● PROBLEM DETAILS
Retype, word for word, every line of the records below starting at the one that contains "Mens NEW AE" and ending at the one that contains "http://www.kyoto-platz.jp/news/images/IMG_8225.jpg"; include both of those lines and nothing more.

● SUPPLIED DATA
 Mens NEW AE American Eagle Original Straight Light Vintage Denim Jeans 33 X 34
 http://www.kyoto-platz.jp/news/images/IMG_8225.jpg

...

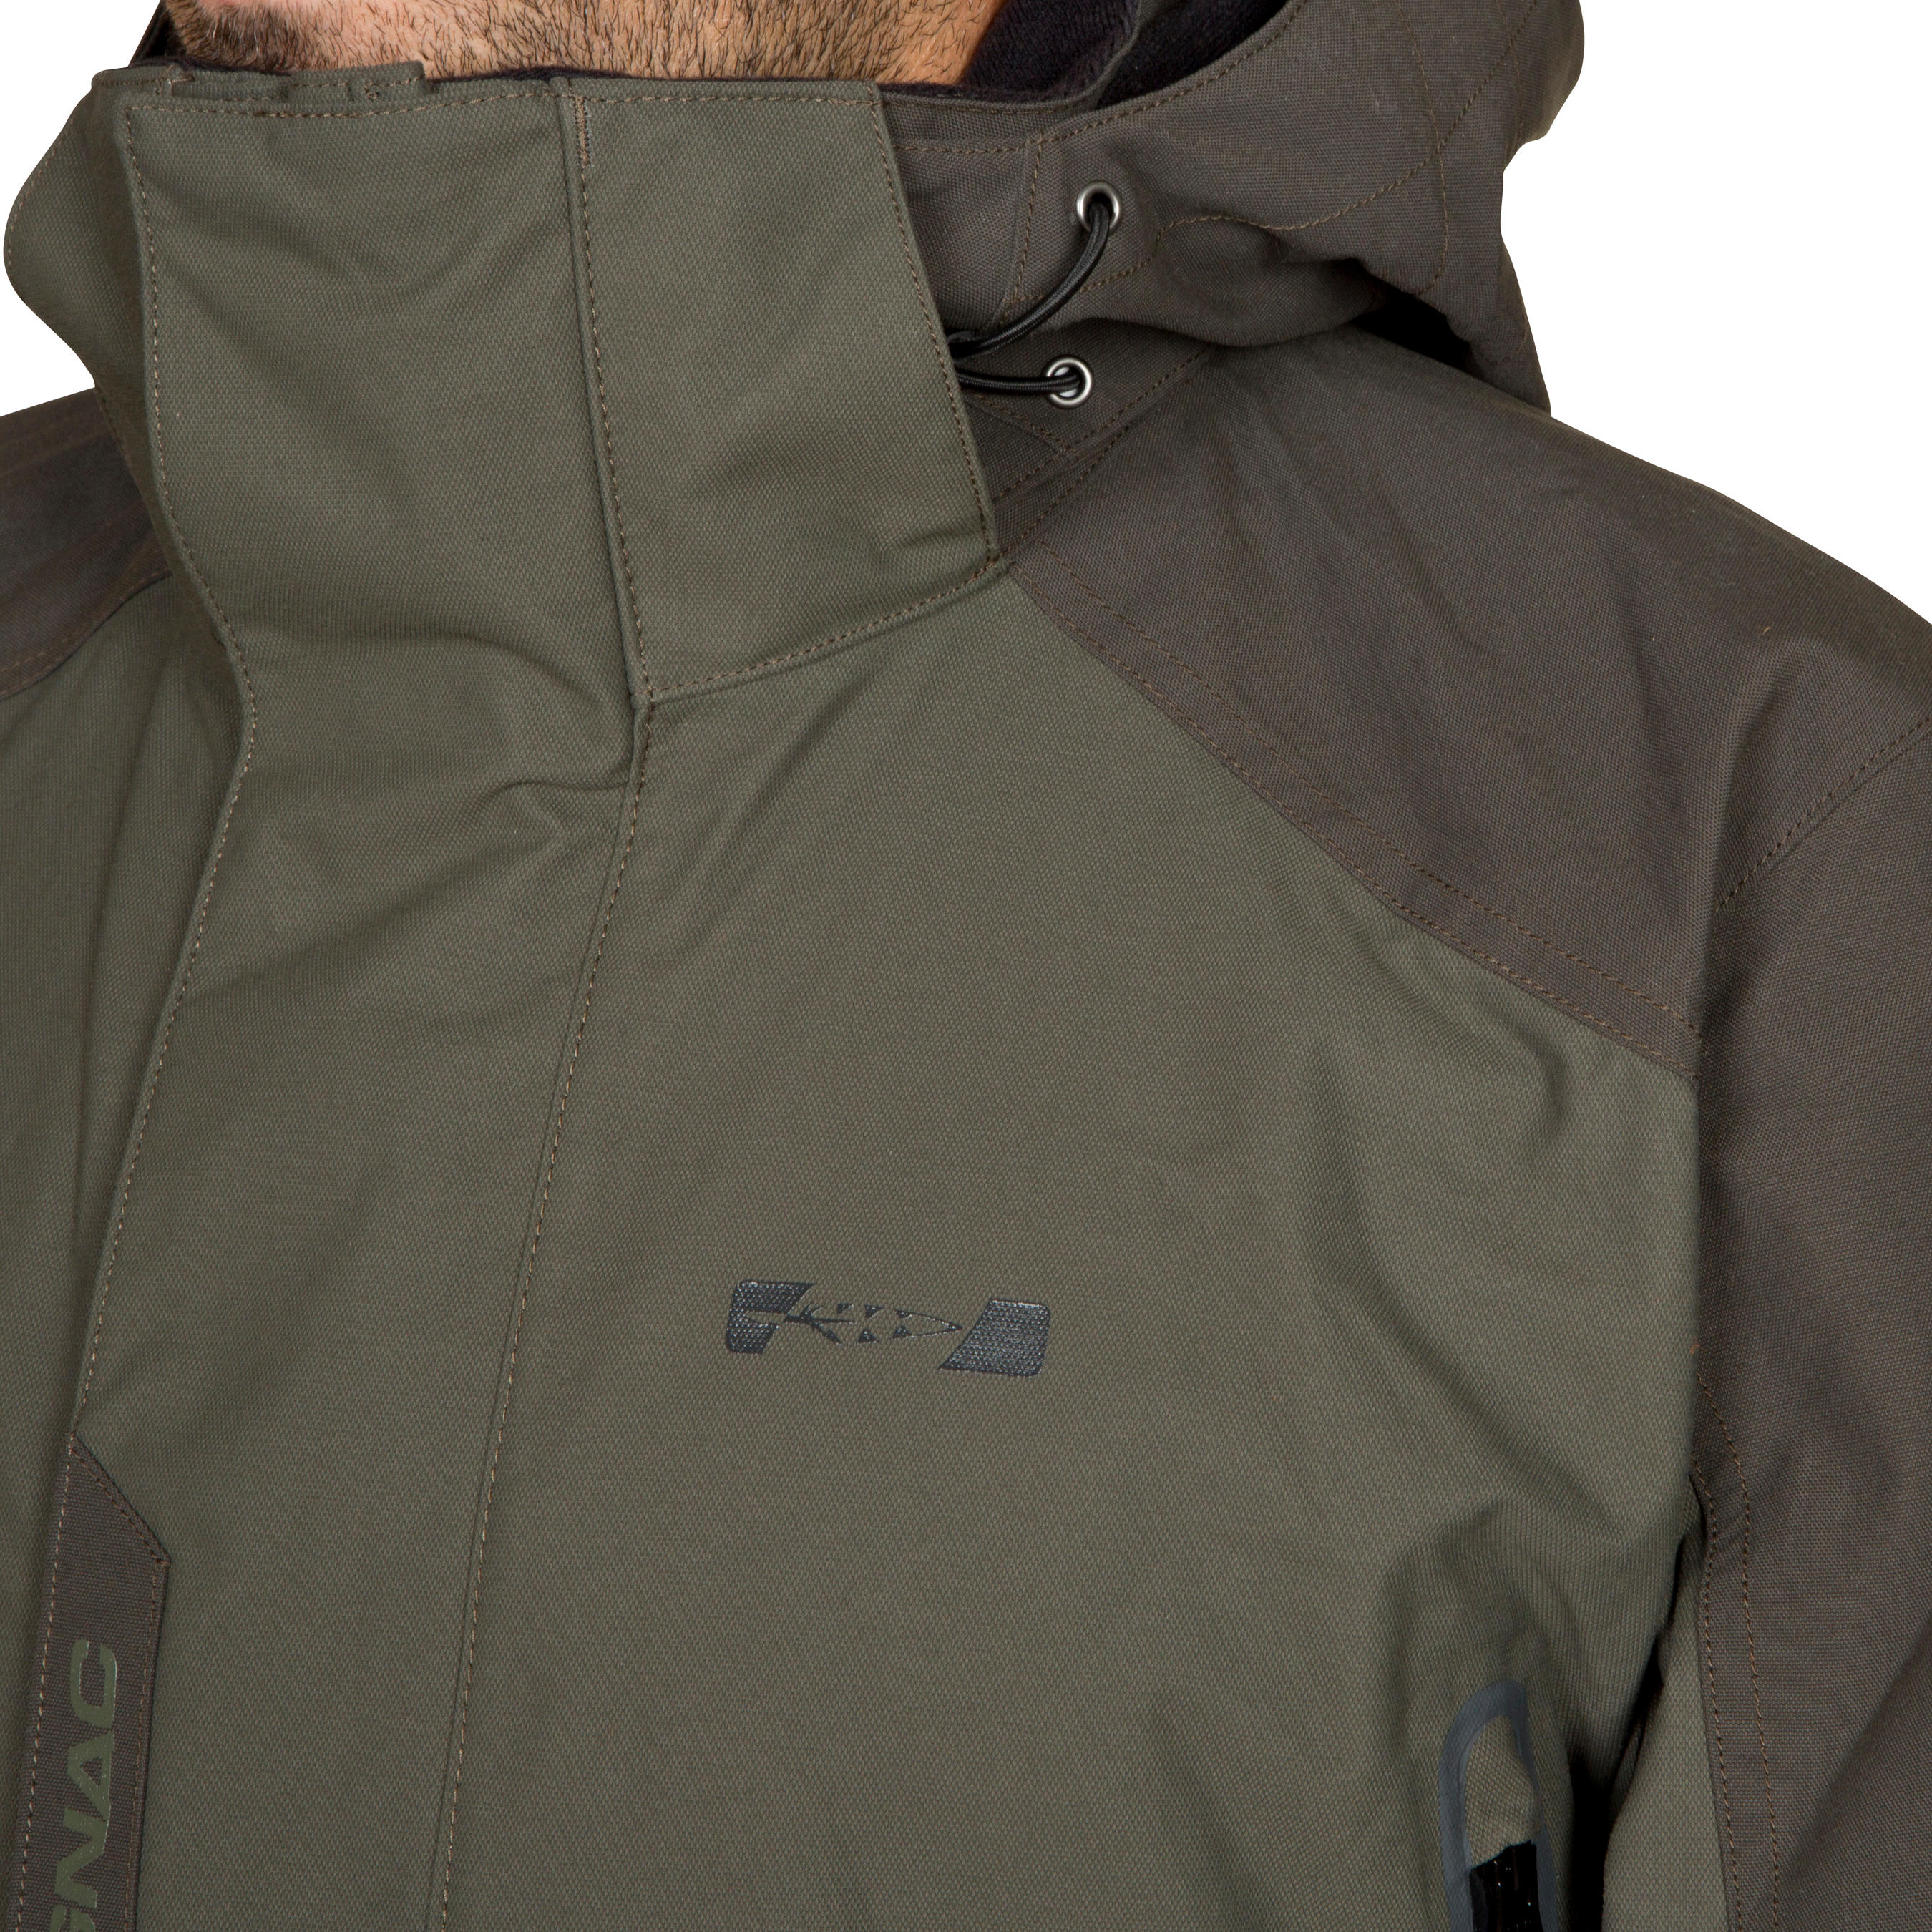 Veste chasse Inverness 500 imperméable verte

* * *

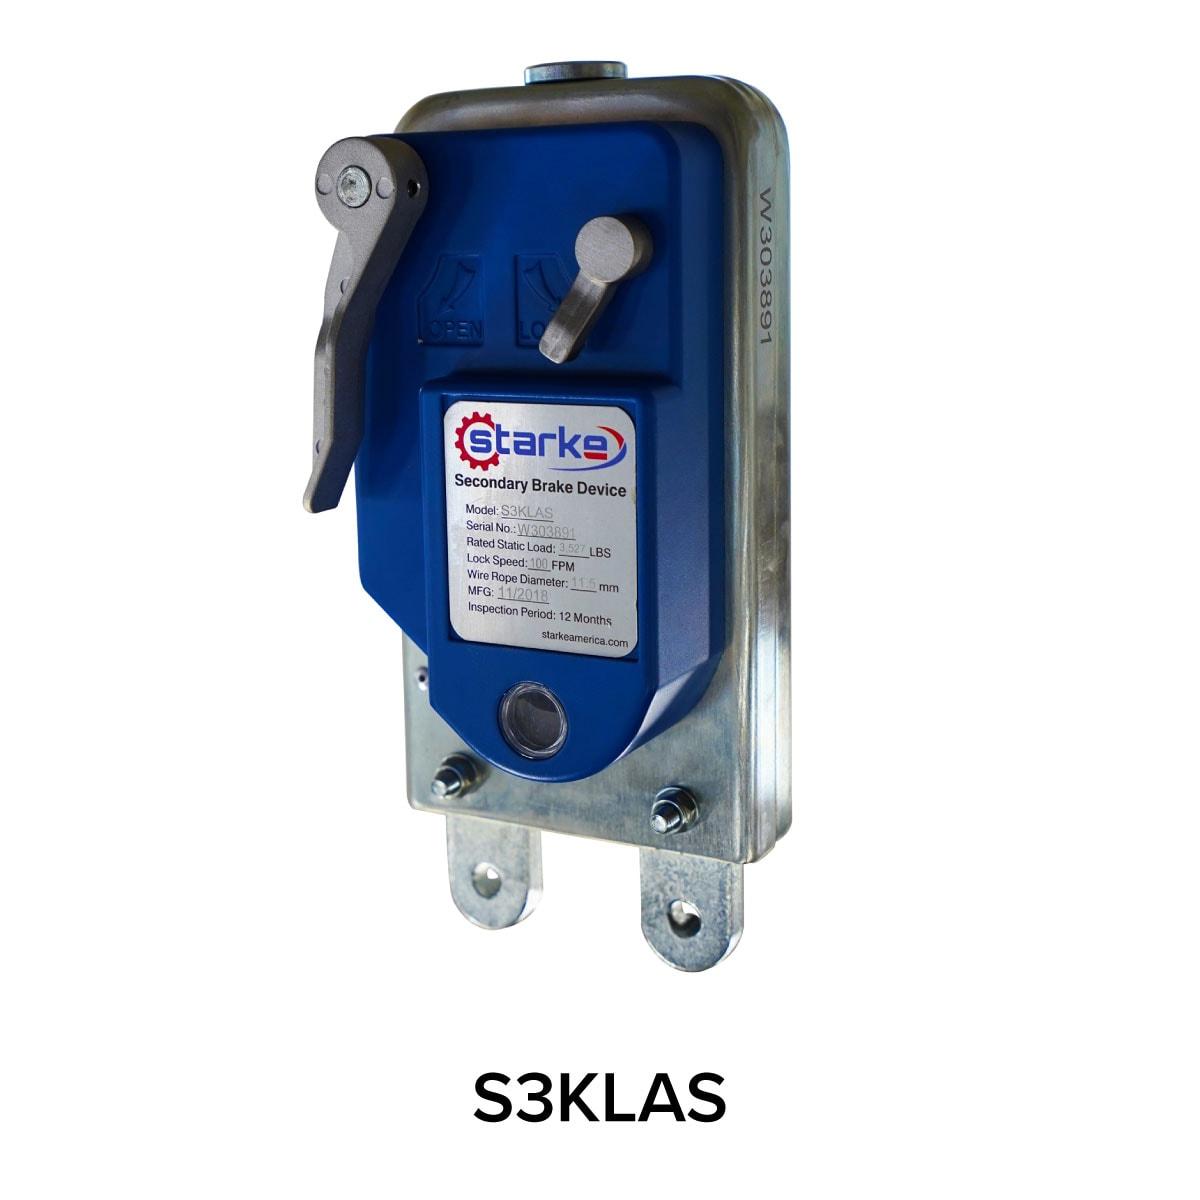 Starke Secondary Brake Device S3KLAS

● RESULT FOR THIS EXERCISE
 Mens NEW AE American Eagle Original Straight Light Vintage Denim Jeans 33 X 34
 http://www.kyoto-platz.jp/news/images/IMG_8225.jpg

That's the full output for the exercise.